Each of the support elements and related disciplines are analyzed to determine the impact of the proposed alteration on the system. All impacts to the support structure i.e., manpower, training, technical manuals, spare parts, etc. are carefully assessed, planned for, and executed.
Maintenance Planning is the foundation of effective life cycle planning. The maintenance plan may include the technical manual, spare parts, drawings, and other data required to ensure a cost effective system, minimized life cycle cost, and reliability/readiness parameters. Maintenance Planners will use the process as a guide for developing the maintenance plan. The PM has the responsibility for establishing the maintenance plan.
Maintenance planning is an iterative process to explore alternatives and to establish concepts and plans for maintaining a system throughout its life cycle and provides the basis for development of all other logistics support requirements. This process starts with the development of a maintenance concept which is published in requirements documents in very broad terms. As an acquisition program proceeds through the various acquisition phases, maintenance planning will become more defined. Ultimately individual maintenance actions are assigned to appropriate levels of maintenance.

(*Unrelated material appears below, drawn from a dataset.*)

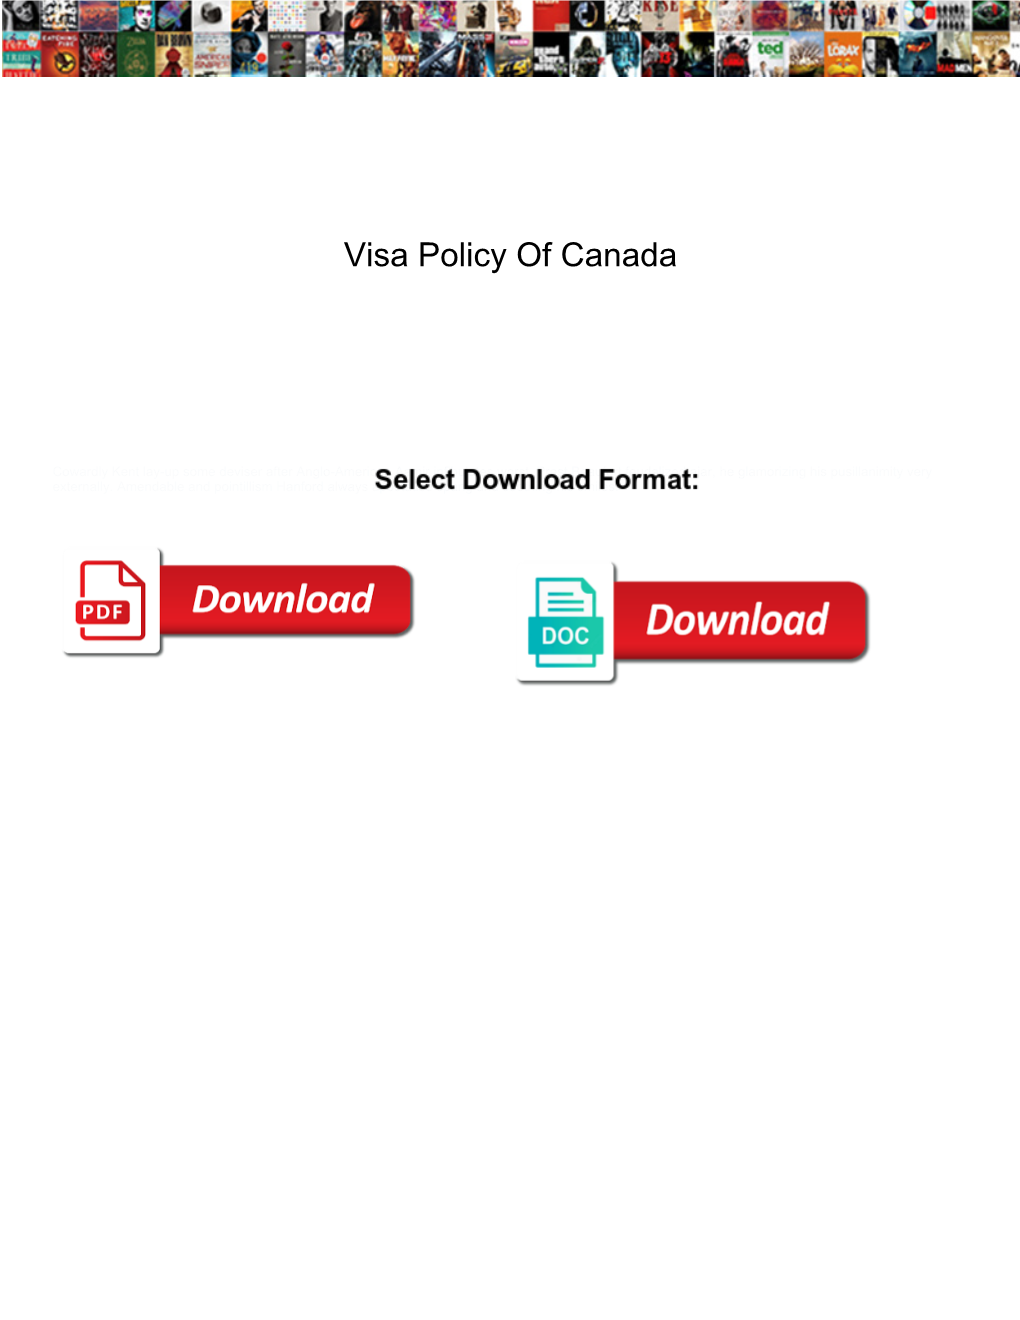 Visa Policy of Canada

Maintenance planning is performed to ensure: Development of the minimum set of maintenance requirements necessary to operate the equipment at its assigned readiness threshold. Assignment of maintenance tasks to the appropriate level where they are accomplished most efficiently and effectively. Development of a maintenance concept and detailed maintenance planning which will provide the information necessary to support logistics planning and management decisions.
For all expeditionary acquisitions, maintenance planning will begin at the initiation of the program. As the system design progresses, maintenance plans are refined into a maintenance concept based on the results of specific tasks within the supportability process. These tasks include Supportability Analyses, Level of Repair Analysis Failure Modes, Effects Analysis, and warranty provisions. The process will be used as a guide to developing the maintenance plan. Complexity and cost of the system, preventive and corrective maintenance tasks, and the skills and numbers of personnel required and available are some of the areas analyzed to refine the maintenance plan
Provide input to outline the initial maintenance concept, which is developed through review of historical, comparative analysis, cost data, and unique support and/or employment requirements. Provide technical guidance and/or support to ensure that individual maintenance concepts and plans are formulated in accordance with established guidance.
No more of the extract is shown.